▶ **Material provided**:
....................

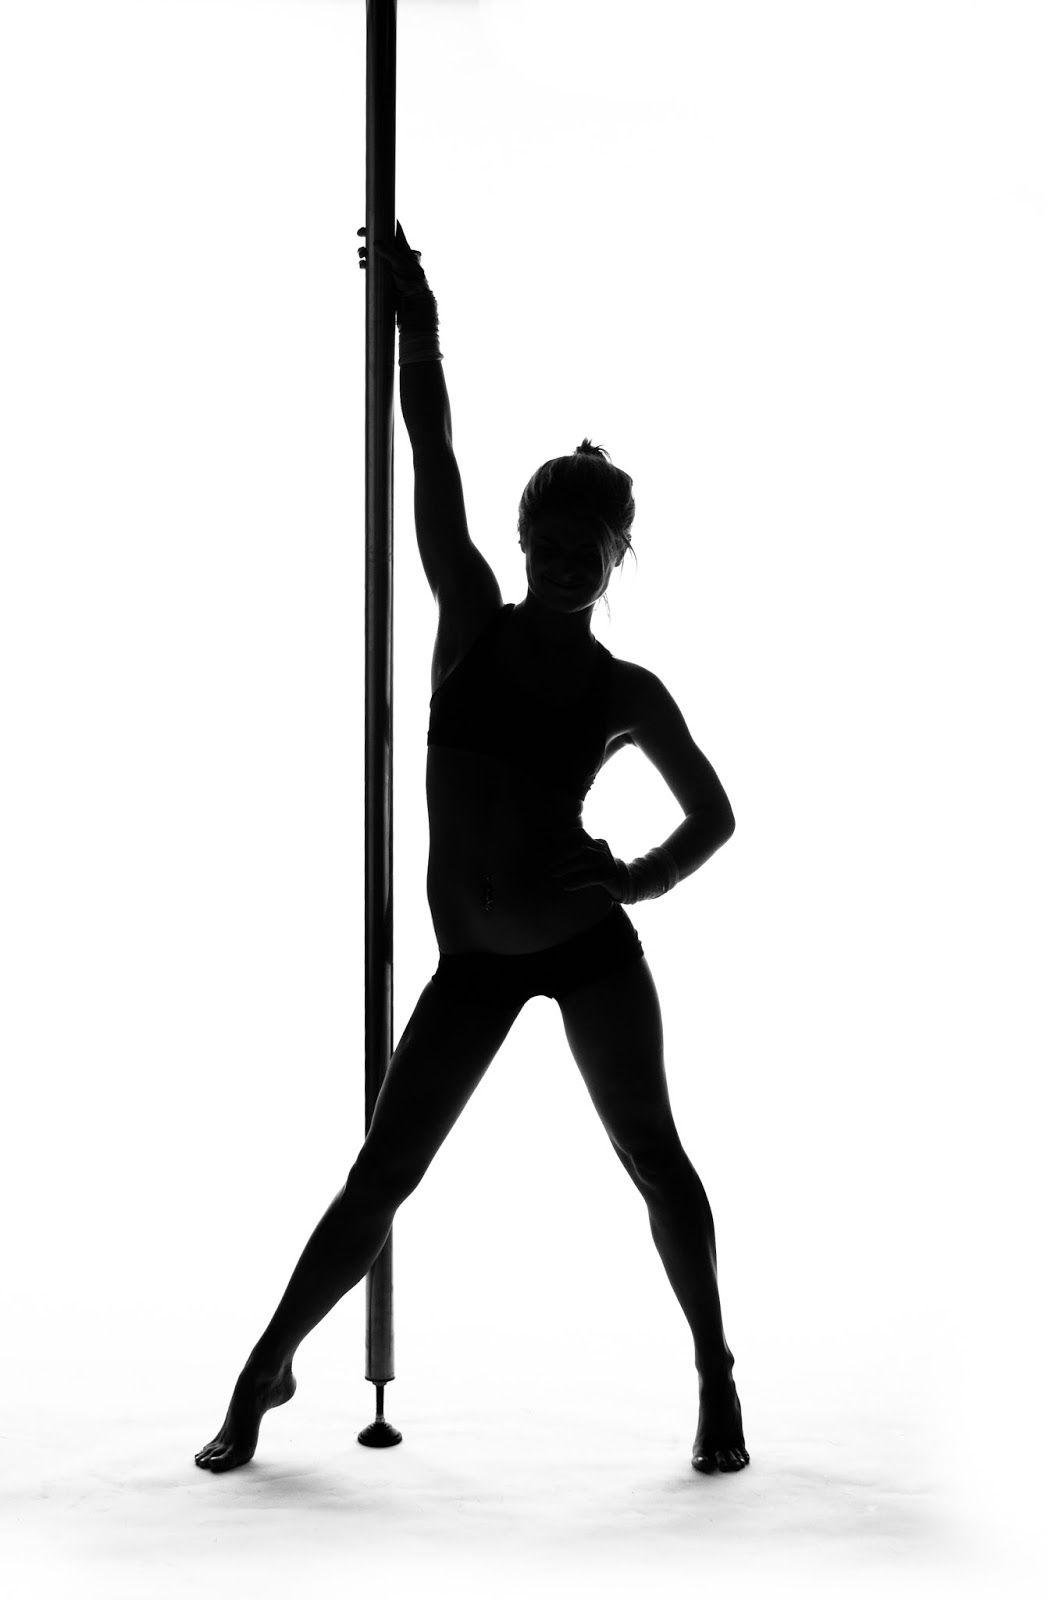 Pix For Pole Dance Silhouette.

....................

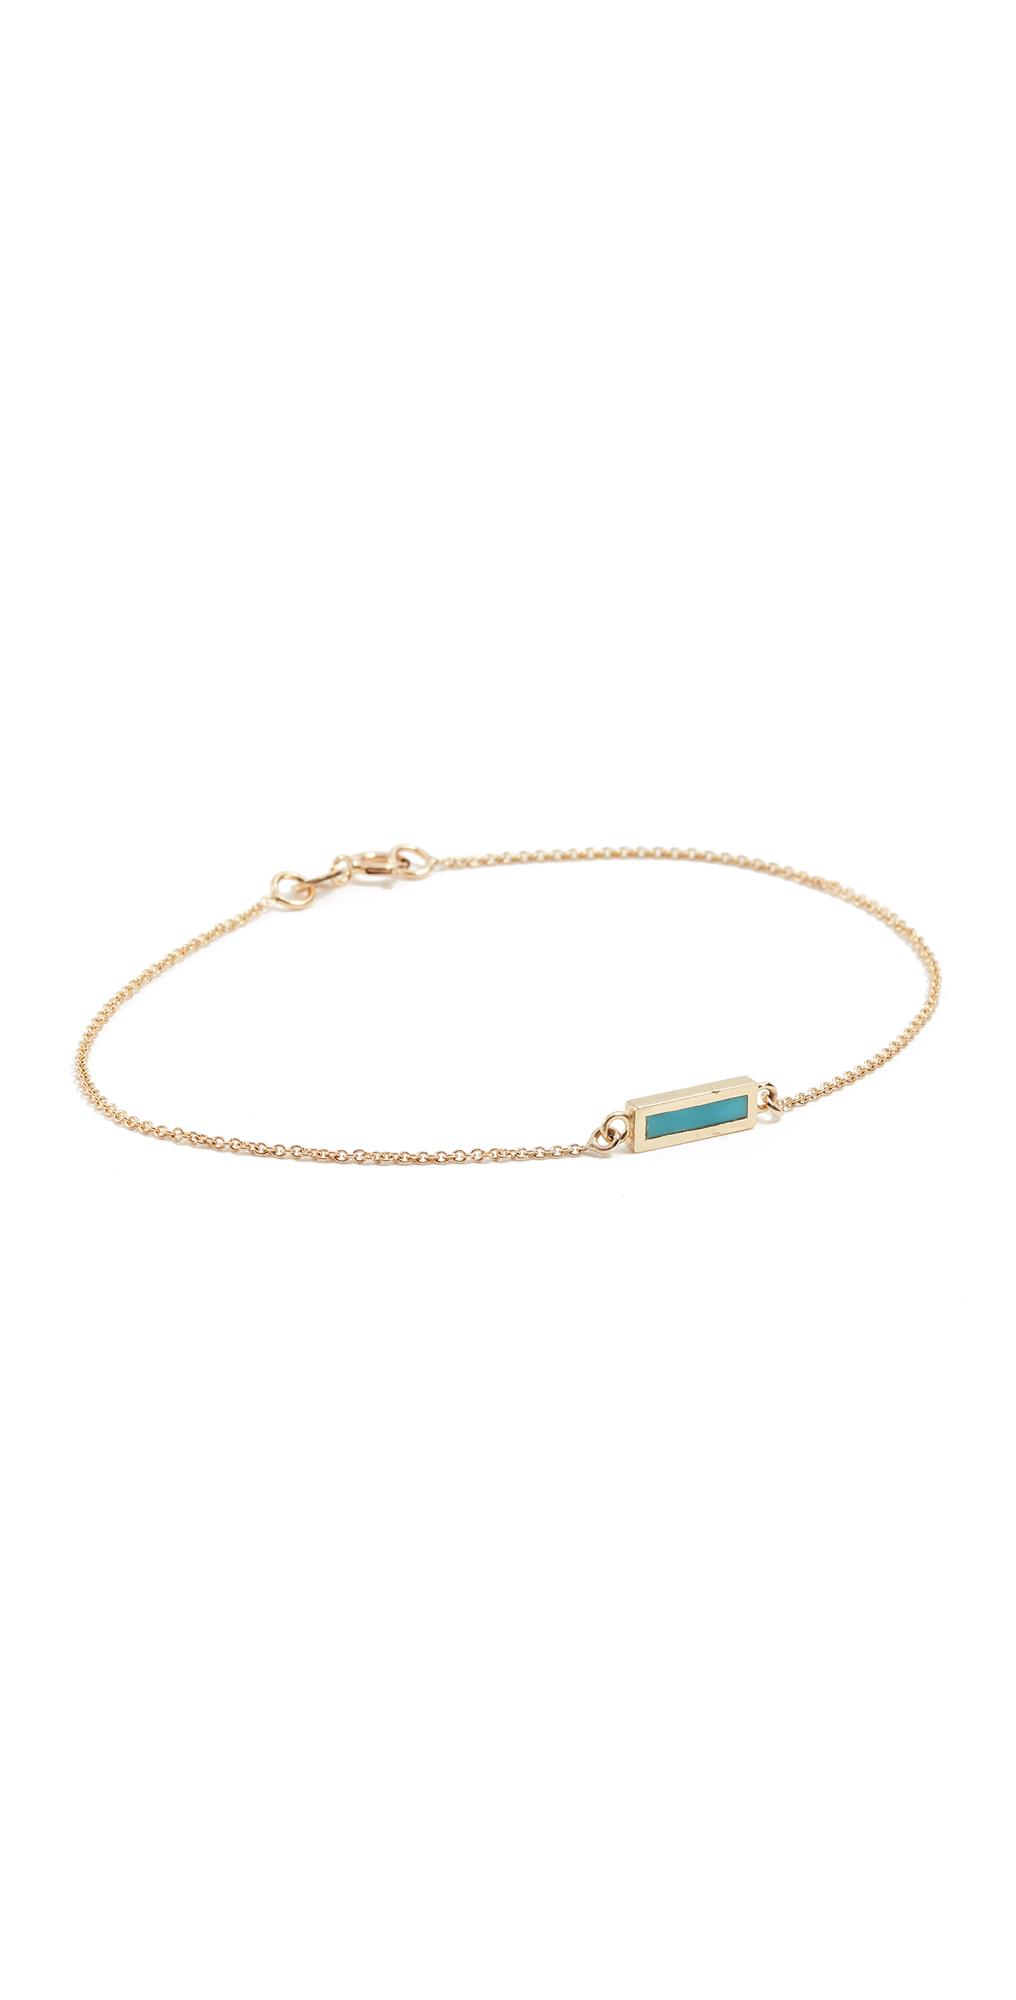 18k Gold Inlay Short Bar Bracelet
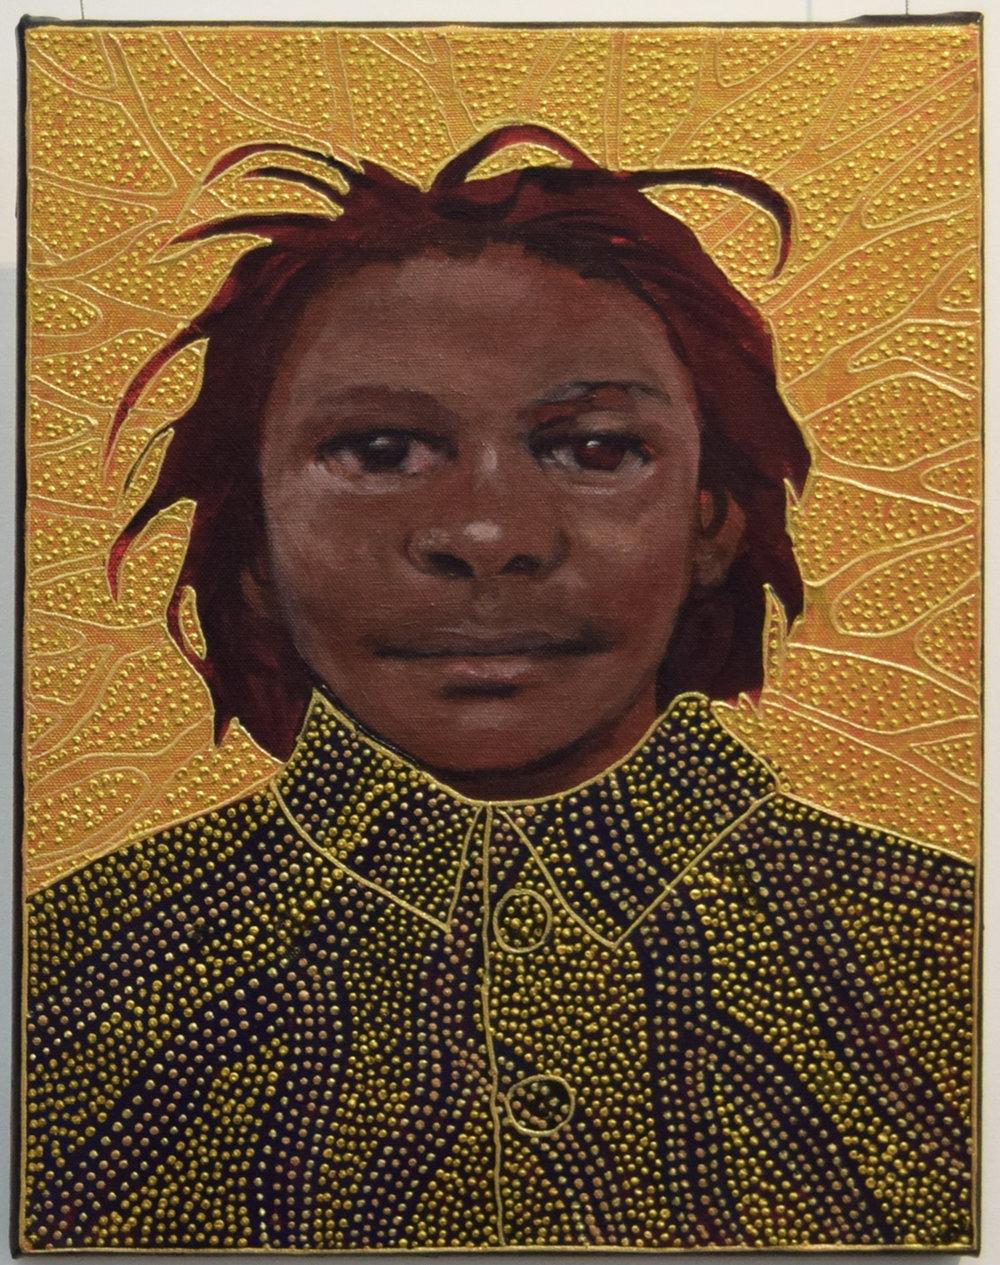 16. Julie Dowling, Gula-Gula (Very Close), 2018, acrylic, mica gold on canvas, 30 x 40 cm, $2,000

....................

In the entries above, find the line containing "18k Gold Inlay Short Bar Bracelet" and the line containing "16. Julie Dowling, Gula-Gula", then copy both and every line between them exactly, without any picture.

 18k Gold Inlay Short Bar Bracelet
 16. Julie Dowling, Gula-Gula (Very Close), 2018, acrylic, mica gold on canvas, 30 x 40 cm, $2,000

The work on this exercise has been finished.